Danielle Dahan-Feucht consacre son étude à la littérature mémorielle d’auteurs juifs nés en Algérie et exilés en France pendant leur enfance ou leur adolescence. Dans “Marlène Amar: du silence à l’expression revendiquée d’une mémoire” (pp. 61-75), le critique se penche en particulier sur l’analyse de deux romans de Marlène Amar, La Femme sans tête (1993) et Des gens infréquentables (1996), ceux-ci traitant des souffrances de l’exil des Juifs d’Algérie. Après avoir expliqué les raisons qui sont à l’origine du choix de ces deux romans, Danielle Dahan-Feucht présente la thèse qu’elle tient à développer à l’intérieur de son article: “on lira La Femme sans tête et Des gens infréquentables comme le passage d’une mise à mort de la parole et du souvenir à sa libération et résurgence” (p. 63). Elle examine donc le silence caractérisant le premier roman, pour analyser ensuite son dépassement dans le deuxième, où l’on assiste à une prise de parole qui dévoile la mémoire d’une famille judéo-algérienne.

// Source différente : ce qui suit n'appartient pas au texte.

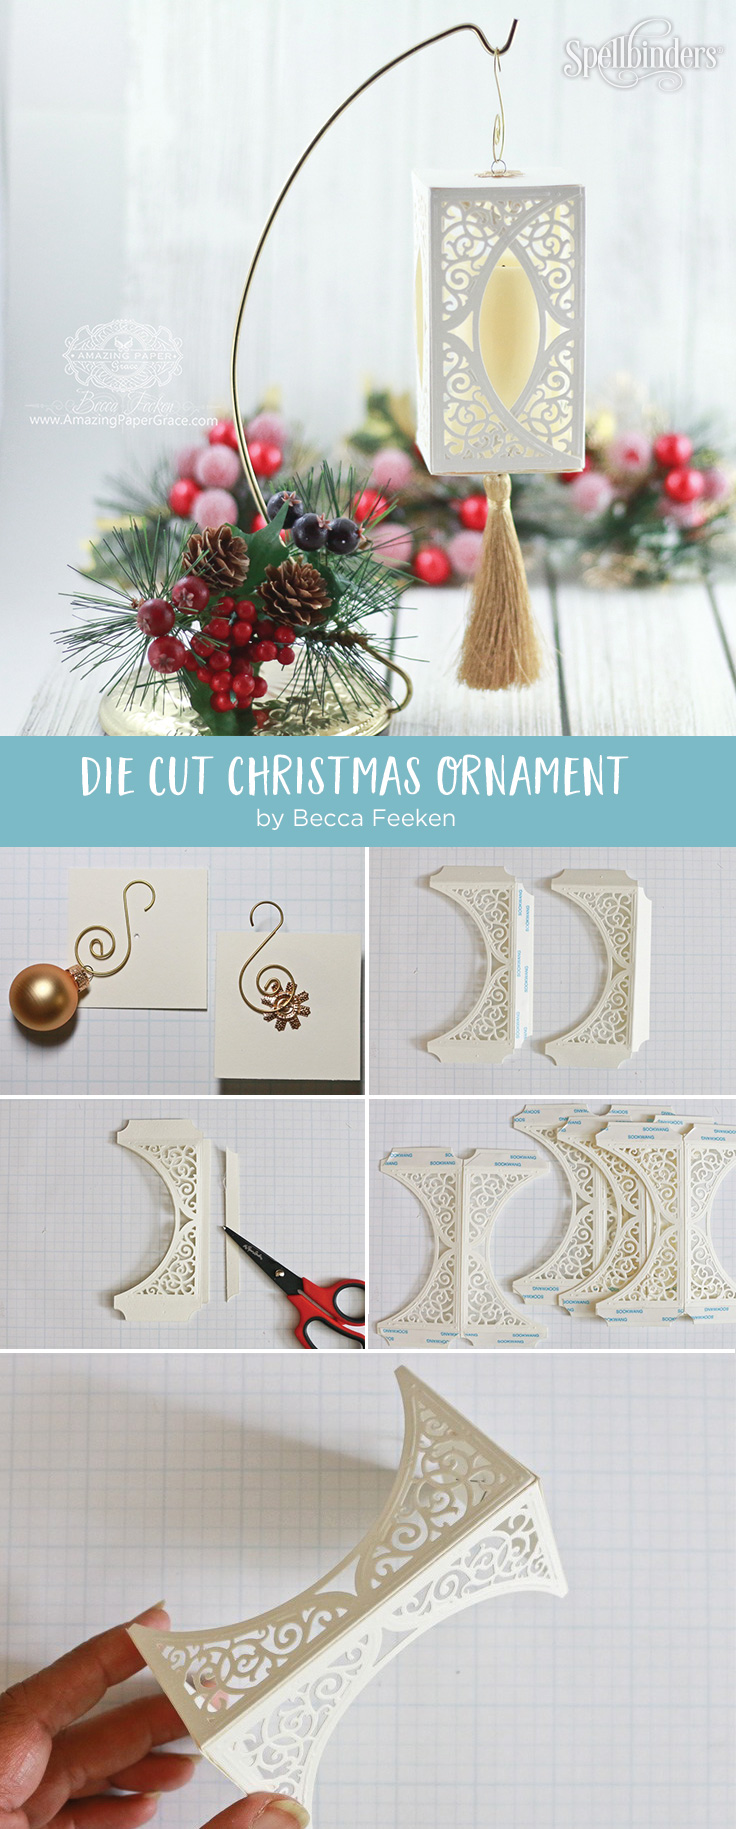 Die Cut Ornament Series: Swirl Bliss by Becca Feeken using Spellbinders S4-505 Swirl Bliss Pocket dies #spellbinders #diecutting #christmasornament #papercrafting

Le troisième volet s’intitule “Support visuels, supports mémoriels” (pp. 79-121) et il s’articule autour de trois contributions portant sur les images en tant que supports de la mémoire. Dans la première, “Visites de la synagogue de La Goulette. La synagogue Beith Mordechai, rue Khaznadar, témoin et miroir d’une minorité de Tunisie” (pp. 79-98), Dora Carpenter-Latiri propose un travail d’anthropologie photographique, riche en images qui enrichissent l’article. À travers ses photos, elle fait l’histoire de la seule synagogue de La Goulette, à Tunis, en soulignant que ce lieu n’est pas seulement un lieu de mémoire, mais aussi un lieu de vie “par la présence des fidèles, par sa persistance dans le souvenir de ceux qui y sont passés, par son rôle dans la transmission des rituels” (p. 79). Tout au long de l’article, le lecteur peut donc profiter d’une visite virtuelle à l’intérieur de cette synagogue, grâce aux images et aux explications détaillées de toutes les photographies fournies par Dora Carpenter-Latiri.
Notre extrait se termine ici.